Different, but converging
As the market converges, vendors with vastly different perspectives (and strengths) are taking aim at the component-oriented
bull's-eye. Vendors with such products can be divided into a variety of segments, including:
3Middleware-centric vendors whose general strength is developing middleware technologies. Some, such as BEA Systems
and Hitachi America Ltd., Brisbane, Calif., come from the TPM arena. Others, like Iona, Expersoft and Visigenic
(prior to its acquisition by Inprise) sprang into existence riding the CORBA ORB wave. Still others evolved from
the Web server environment, where the value-add centered more on deployment than development. Finally, there are
specialist companies that concentrate on a focused middleware capability, such as messaging.

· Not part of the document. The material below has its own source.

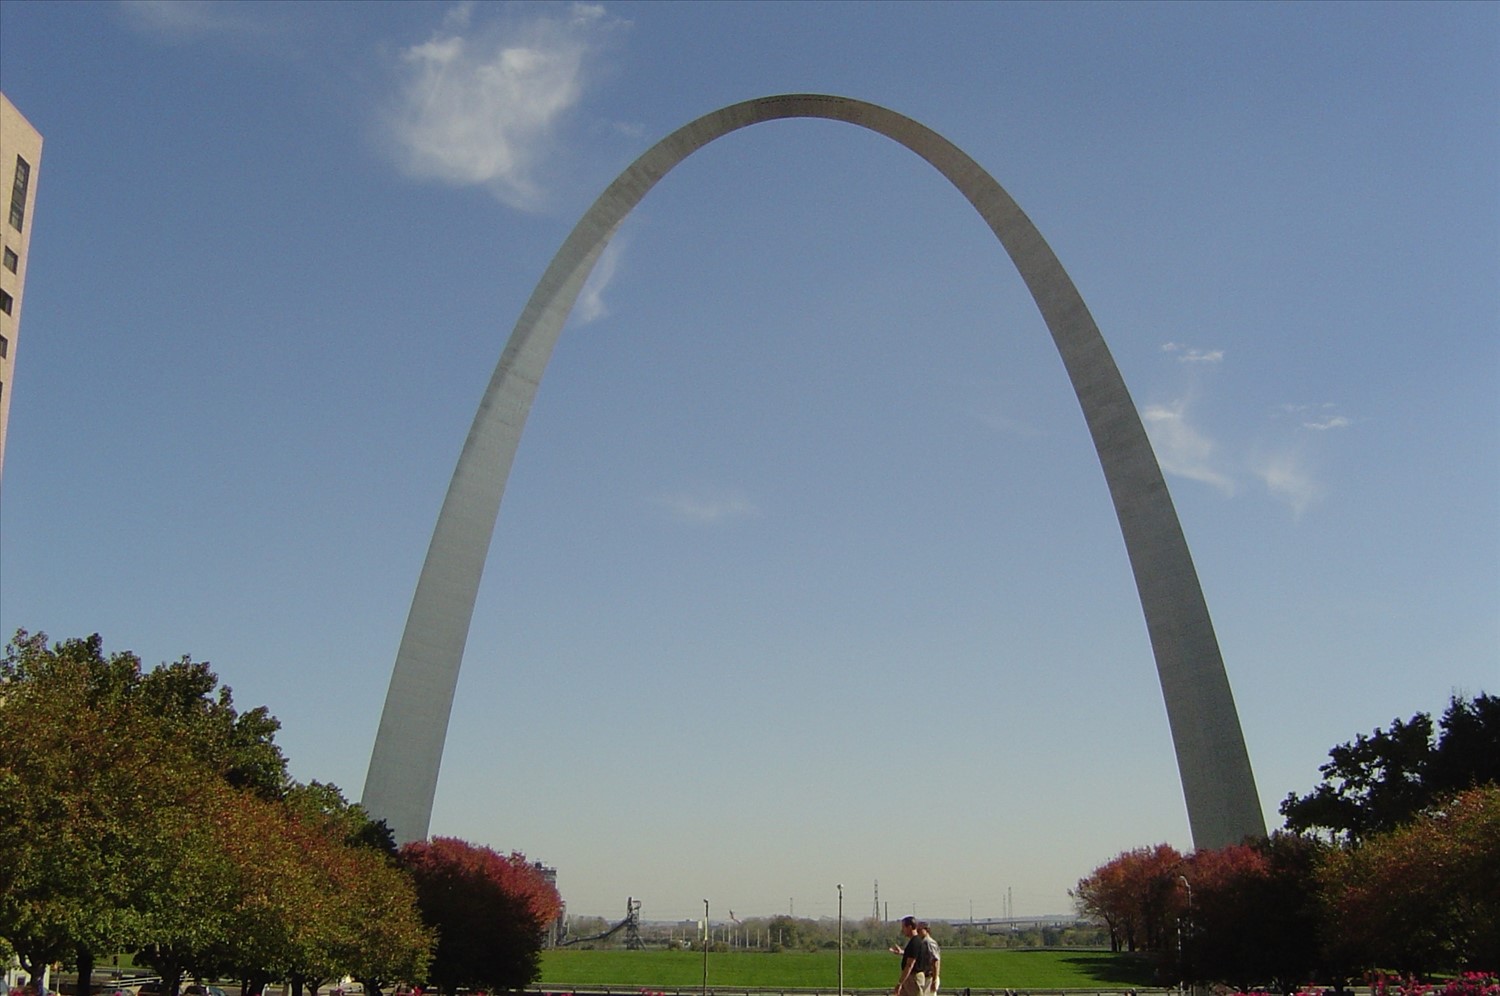 St. Louis Arch. DSC00223.jpg. Uploaded by Erik Hoffmann on 1/18/2004. 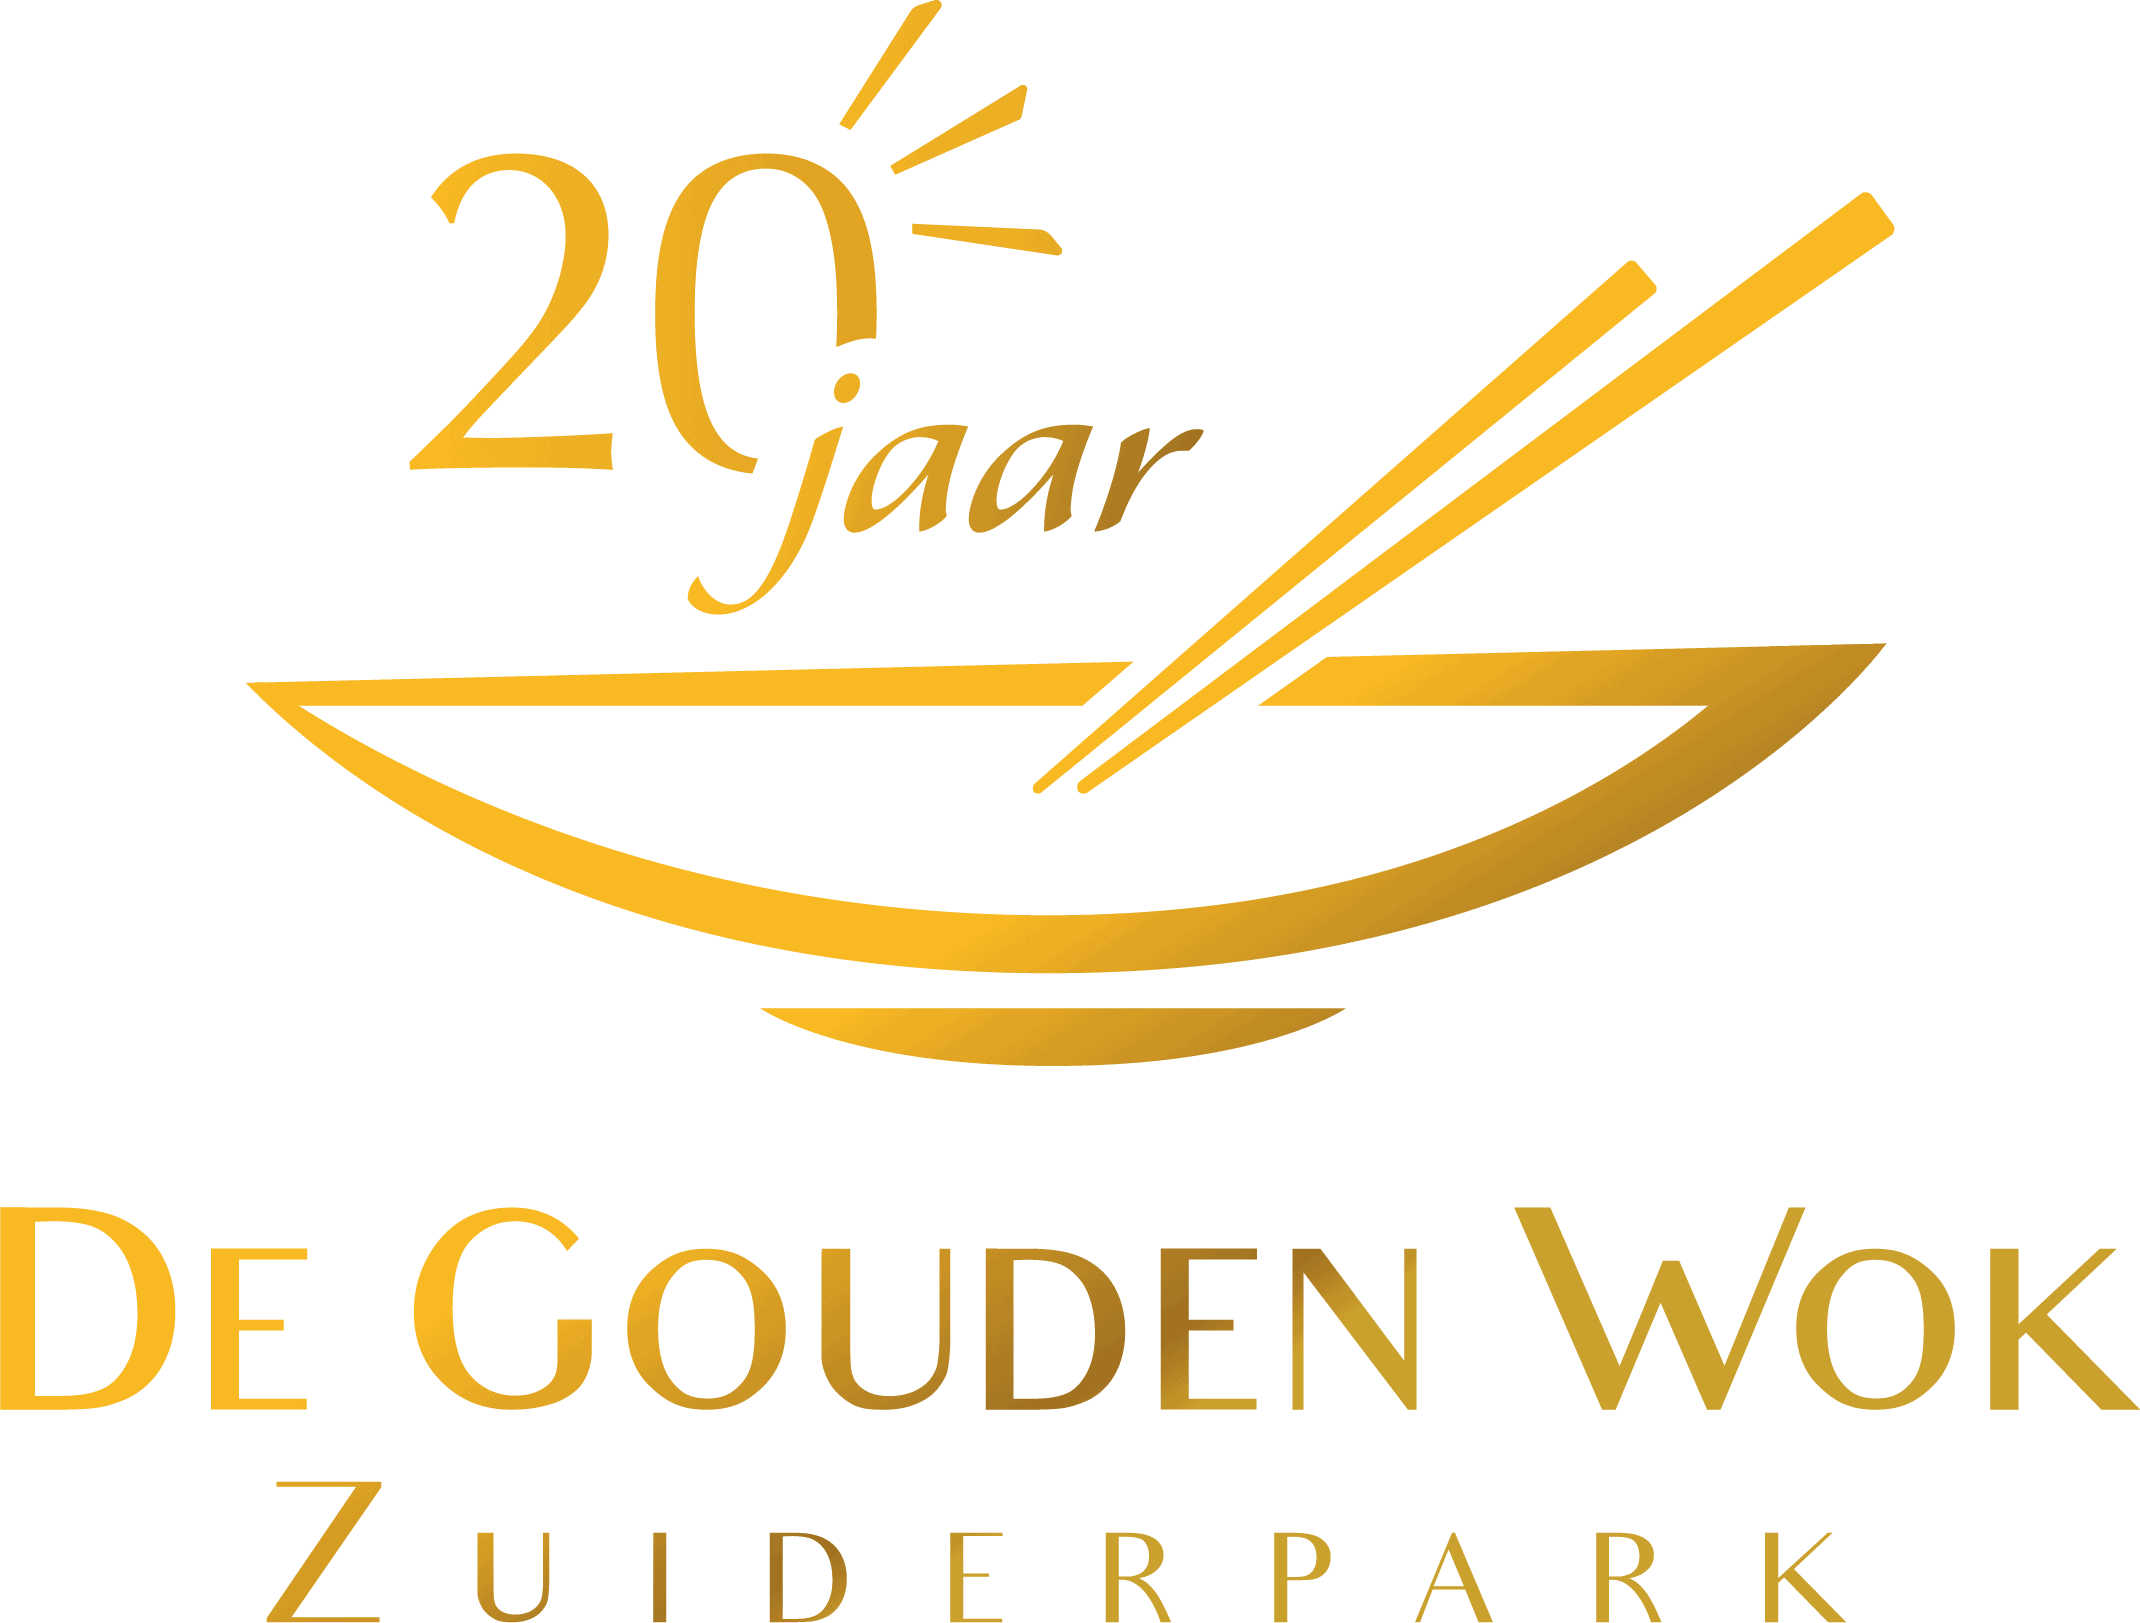 De Gouden Wok Zuiderpark - 20 jaar

3Development-centric tool vendors, with strong development acumen, fill in the deployment side with a combination
of acquisition and/or homegrown middleware. Inprise first came to the market with Borland development tools, added
ORB functionality, and completed the ITS application server with homegrown facilities -- such as load balancing
and application management -- and technology acquired from Visigenic. Some Web Server vendors also fit into this
category, though most also sell respectable middleware.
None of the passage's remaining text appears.